African American journalist (1818–1854)

Mary Frances Vashon (c. 1818 – September 1854) also known as Mary Frances Colder, and by her pen name Fanny Homewood, was an African American journalist and an abolitionist in the 19th century. She was one of the first African American female journalists in the United States.

==Biography==
Vashon was born in about 1818 in Virginia, to parents Anne (née Smith) and John Bathan Vashon. In 1822, they moved to Carlisle, Pennsylvania, where her father opened a saloon and livery stable and her brother, George Boyer Vashon, was born two years later, in 1824. In 1829, her father moved the family to Pittsburgh, where he became a successful barber. This success led him to become a wealthy landowner and allowed him to open Pittsburgh's first bathhouse, which he operated as a stop on Pittsburgh's Underground Railroad. Her father, at that point the wealthiest black man in Pittsburgh, spared no expense on her education.
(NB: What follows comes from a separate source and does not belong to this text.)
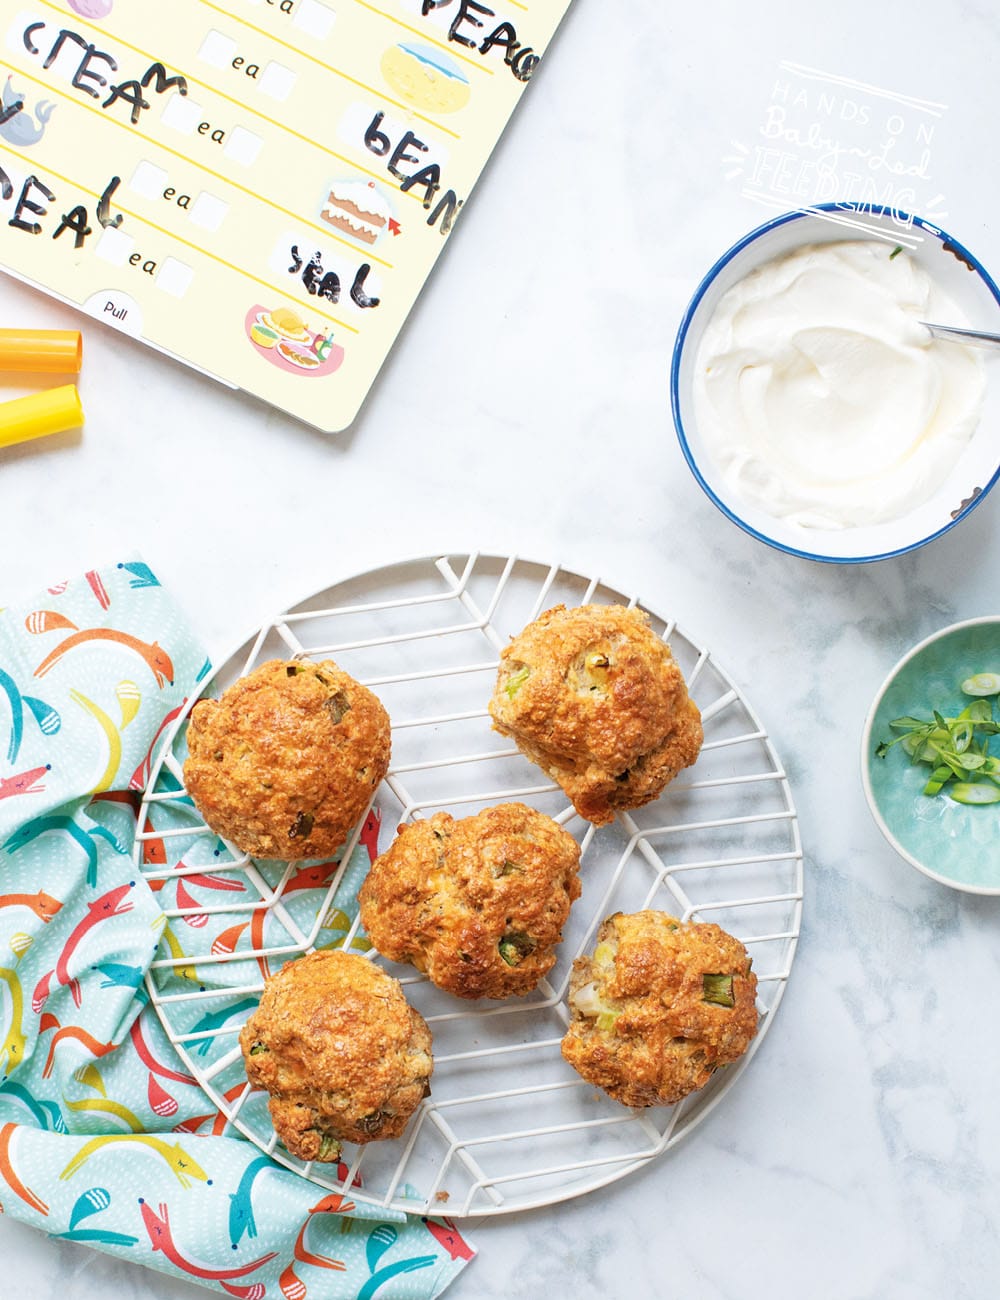 Savory snack for toddlers and babies! These savory scones are an amazing lunchbox idea and travel snack for kids! Scones are the perfect texture and size for little hands. Pack this savory finger food for your next adventure! #babyledfeeding #babyledweaning #scones #fingerfood #savorysnacks

Because Pittsburgh did not provide public education for black children at the time, her father began a school, the Pittsburgh African Education, in the basement of an African Methodist Episcopal church, where Mary Frances may have received some of her early schooling alongside her brother George and Martin Delaney. She was sent to Philadelphia to study at the private school, Female Academy of Miss Sarah Mapps Douglass, and went on to take out ads in Martin Delaney's newspaper, The Mystery, advertising raised embroidery lessons.

== Career ==
An avid abolitionist, Mary Frances Vashon took her knowledge into the field of journalism, writing for anti-slavery newspapers, including William Howard Day's The Alienated American and Frederick Douglass's "Frederick Douglass' Paper", under the name of "Fanny Homewood", "Fanny" being the name of her maternal grandmother. This made her one of the pioneering black women journalists in the United States.

Mary Francis married Benjamin F. Colder and had four children, a boy and three girls, with him. On December 29, 1853, her father suffered a heart attack and died in a Pittsburgh train station. In September 1854, Mary, age 36, and her mother, Anne, followed him in death as a cholera epidemic swept through Pittsburgh. Her brother, George, would go on to take charge of her four children.